What Is Return On Capital Employed (ROCE)?
For those that aren't sure what ROCE is, it measures the amount of pre-tax profits a company can generate from the capital employed in its business. Analysts use this formula to calculate it for Telecom Digital Holdings:
Return on Capital Employed = Earnings Before Interest and Tax (EBIT) ÷ (Total Assets - Current Liabilities)
0.32 = HK$139m ÷ (HK$1.4b - HK$961m) (Based on the trailing twelve months to September 2022).
Therefore, Telecom Digital Holdings has an ROCE of 32%. In absolute terms that's a great return and it's even better than the Specialty Retail industry average of 11%.

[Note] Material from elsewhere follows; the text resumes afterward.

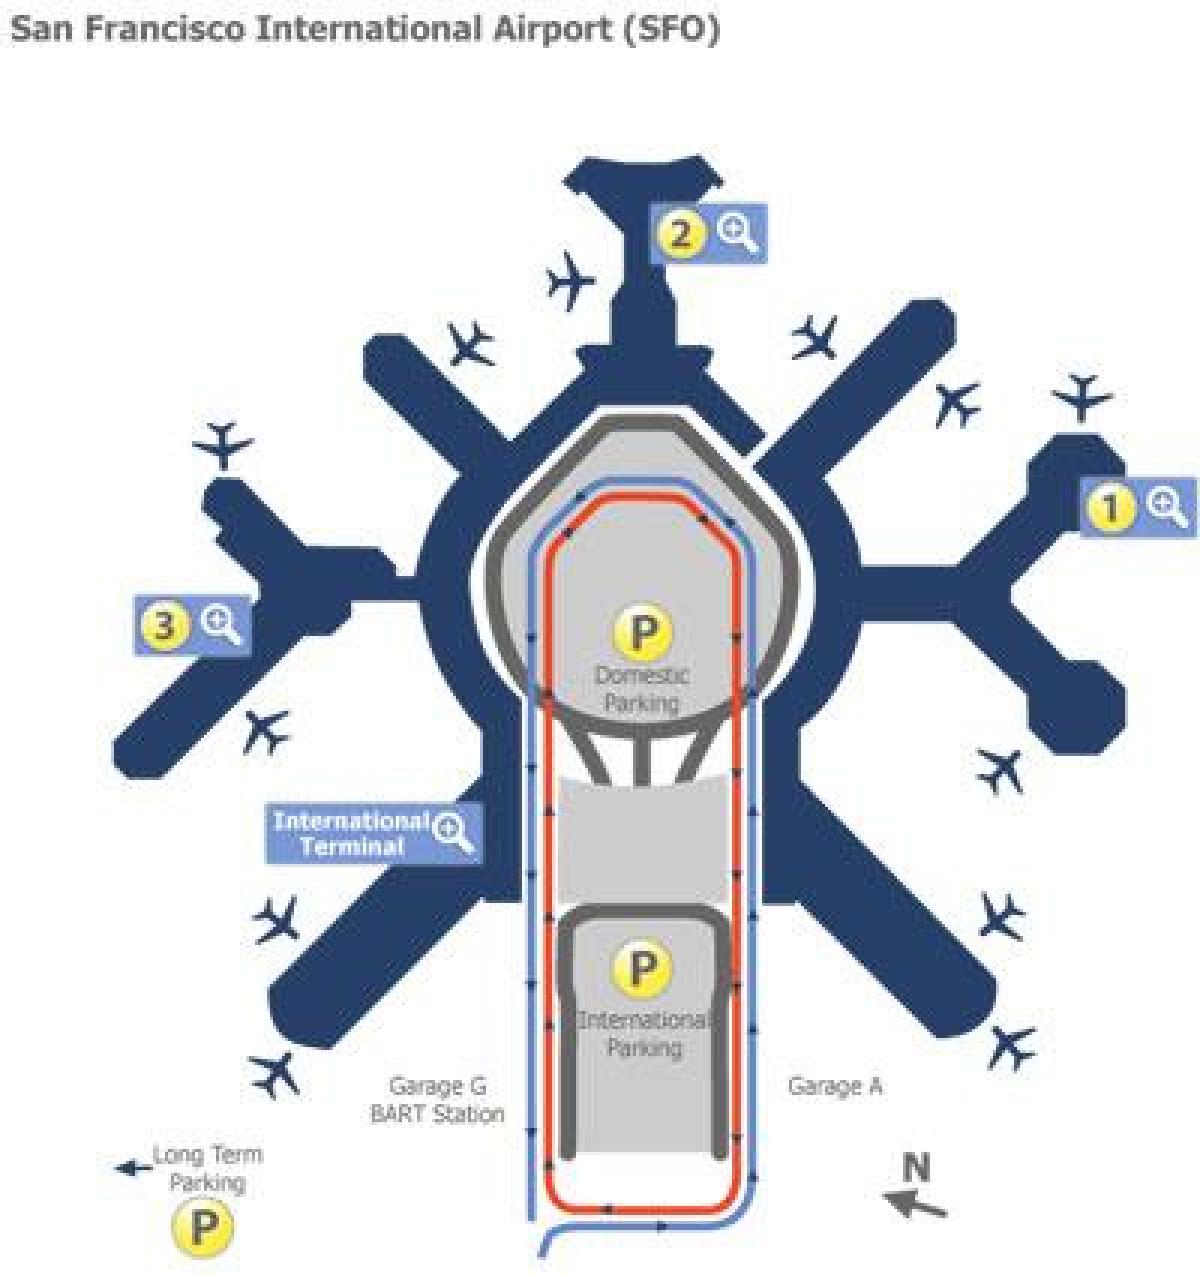 فرودگاه سان فرانسیسکو دروازه نقشه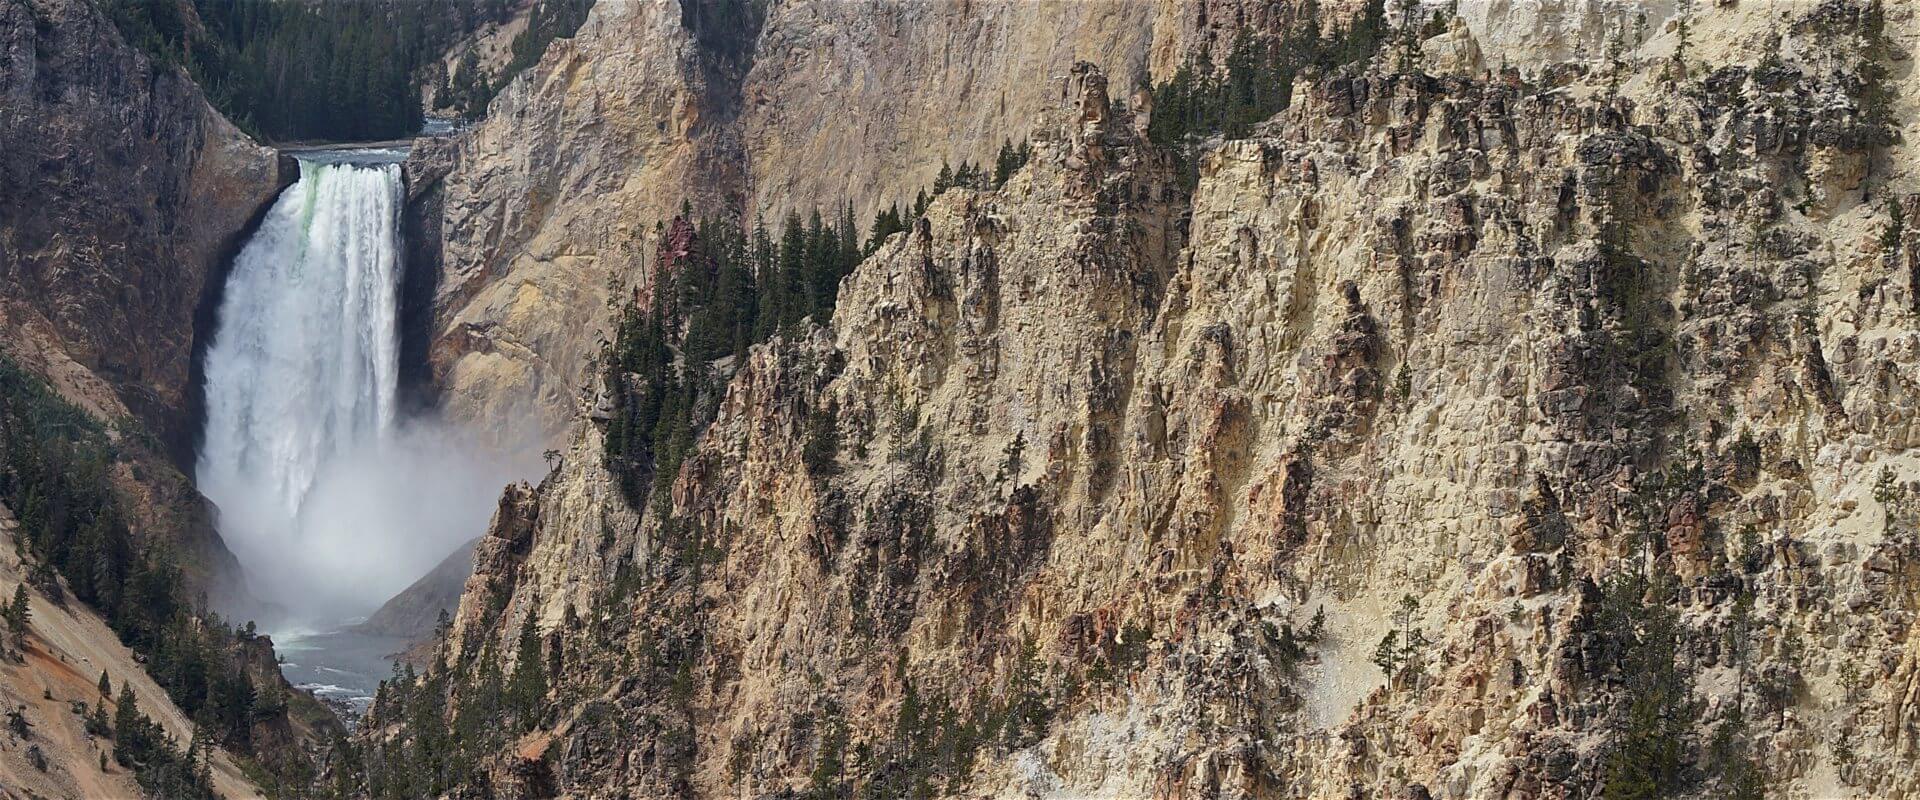 Steile Felswände und tosendes Wasser am Grand Canyon of Yellowstone

Check out our latest analysis for Telecom Digital Holdings
While the past is not representative of the future, it can be helpful to know how a company has performed historically, which is why we have this chart above. If you'd like to look at how Telecom Digital Holdings has performed in the past in other metrics, you can view this free graph of past earnings, revenue and cash flow.
What Can We Tell From Telecom Digital Holdings' ROCE Trend?
Telecom Digital Holdings deserves to be commended in regards to it's returns. The company has consistently earned 32% for the last five years, and the capital employed within the business has risen 49% in that time. Now considering ROCE is an attractive 32%, this combination is actually pretty appealing because it means the business can consistently put money to work and generate these high returns. You'll see this when looking at well operated businesses or favorable business models.
Another point to note, we noticed the company has increased current liabilities over the last five years. This is intriguing because if current liabilities hadn't increased to 69% of total assets, this reported ROCE would probably be less than32% because total capital employed would be higher.The 32% ROCE could be even lower if current liabilities weren't 69% of total assets, because the the formula would show a larger base of total capital employed. So with current liabilities at such high levels, this effectively means the likes of suppliers or short-term creditors are funding a meaningful part of the business, which in some instances can bring some risks.
Our Take On Telecom Digital Holdings' ROCE
In summary, we're delighted to see that Telecom Digital Holdings has been compounding returns by reinvesting at consistently high rates of return, as these are common traits of a multi-bagger. Yet over the last five years the stock has declined 17%, so the decline might provide an opening. That's why we think it'd be worthwhile to look further into this stock given the fundamentals are appealing.
Telecom Digital Holdings does have some risks, we noticed 6 warning signs (and 3 which shouldn't be ignored) we think you should know about.
High returns are a key ingredient to strong performance, so check out our free list ofstocks earning high returns on equity with solid balance sheets.
Valuation is complex, but we're here to simplify it.
Discover if Telecom Digital Holdings might be undervalued or overvalued with our detailed analysis, featuring fair value estimates, potential risks, dividends, insider trades, and its financial condition.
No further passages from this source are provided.